In this project, we first learned how to load and normalize our image sets and to build neural networks that can utilize this data by using PyTorch. We then designed a neural network that was capable of detecting a nose on human faces. Then, we learned how to build a more sophisticated network that could do simple facial recognition and how to augment our data to improve the machine learning process by using transformations. And lastly, we used used all of these techniques to process a larger image set and use it to train a predesigned PyTorch neural network that could do much more robust facial recognition.


Part 1: Part 1: Nose Tip Detection

In this section we imported our Dane premarked images and designed a very simple five to six layer convolutional neural network. Our images were turned to greyscale, normalized, and rescaled to (80 x 60) prior to being used for training and validation.

Before training the actual model, I first had to load the data and ground truth nose tips into the program. Here are some images from the training set along with the true nose tip keypoints(in red).

Grond truth point of nose: Original nose point (Red)

Then, I construct my CNN model, the detial of the model could be found in the following part.

Net
(
(conv1): Conv2d(1, 12, kernel_size=(5, 5), stride=(1, 1))
max_pool2d(relu(conv1(x)),(2, 2))

(conv2): Conv2d(12, 32, kernel_size=(3, 3), stride=(1, 1))
max_pool2d(relu(conv2(x)),(2, 2))

(conv3): Conv2d(32, 18, kernel_size=(5, 5), stride=(1, 1))
max_pool2d(relu(conv3(x)),(2, 1))

(fc1): Linear(in_features=1008, out_features=120, bias=True)
relu(fc1(x))

(fc2): Linear(in_features=120, out_features=2, bias=True)
)

While training, the parameter used for the model training are shown below:
Batch size: 10
Learning rate:0.001
Epochs: 19

The train and validation loss during the training process is shown in the following figure:

And finally you can see the results of 4 images from the validation set being passed into our neural network. The first and second images are successes, with the network either predicting the exact location or being only a couple of pixels from the actual value of the nose point.
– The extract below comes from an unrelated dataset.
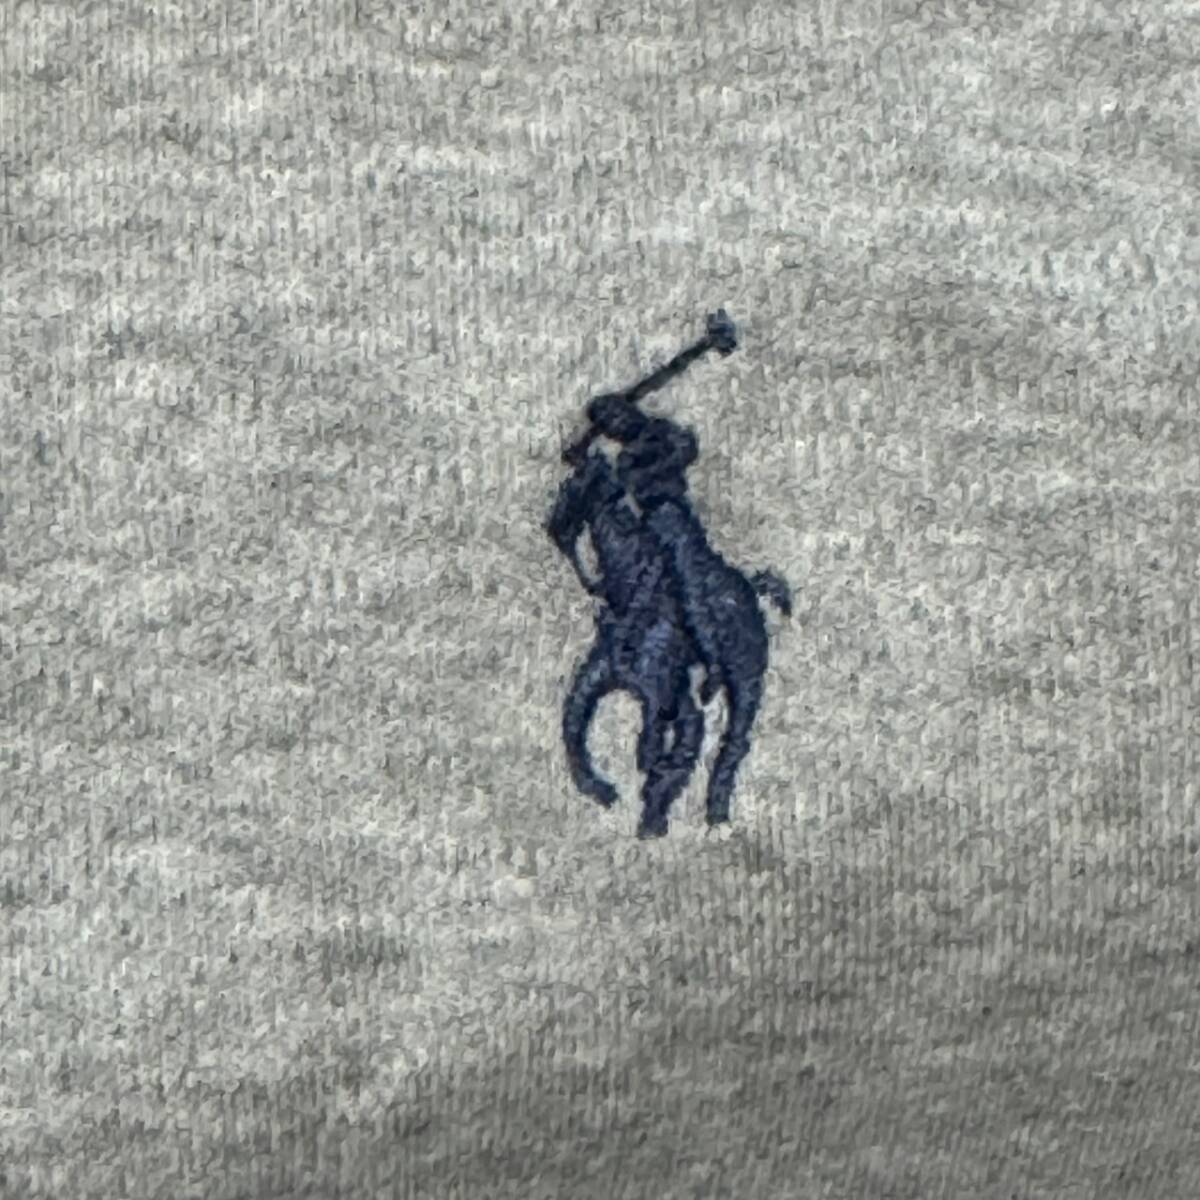  Ralph Lauren рубашка-поло Spo колено вышивка серый Polo

Unfortunately, though, the third and fourth images are failures. There re two reasons for these failures. For third face, we could see that he has a face with open mouth which is abnormal compared to other faces in the training data set. For the fourth face, this is most likely because most of the images in our training dataset are of the humans being in the center of the frame, however the forth man was a little bit left to the center, which may lead to the failure.

Point of nose: ground truth (Red) & predicted (Blue)

Part 2: Full Facial Keypoints Detection

In this section, we expanded on what we did in the first section, building a neural network that involves more convolutional layers with outputs 116 data points (58 facial point), representing the 58 points used to detect faces. Moreover, we used data augmentation to generate more photo for training and help prevent our network from overfitting on the training data. Below you can see the results of our data augmentation on the the training image set. The images are being randomly rotated ± 15 degrees, and the face point in the figure were transformed based on the image transformation Lastly, the images that the network processes have dimensions (240 x 180).


Grond truth point of all facial points: Original facial point (Red)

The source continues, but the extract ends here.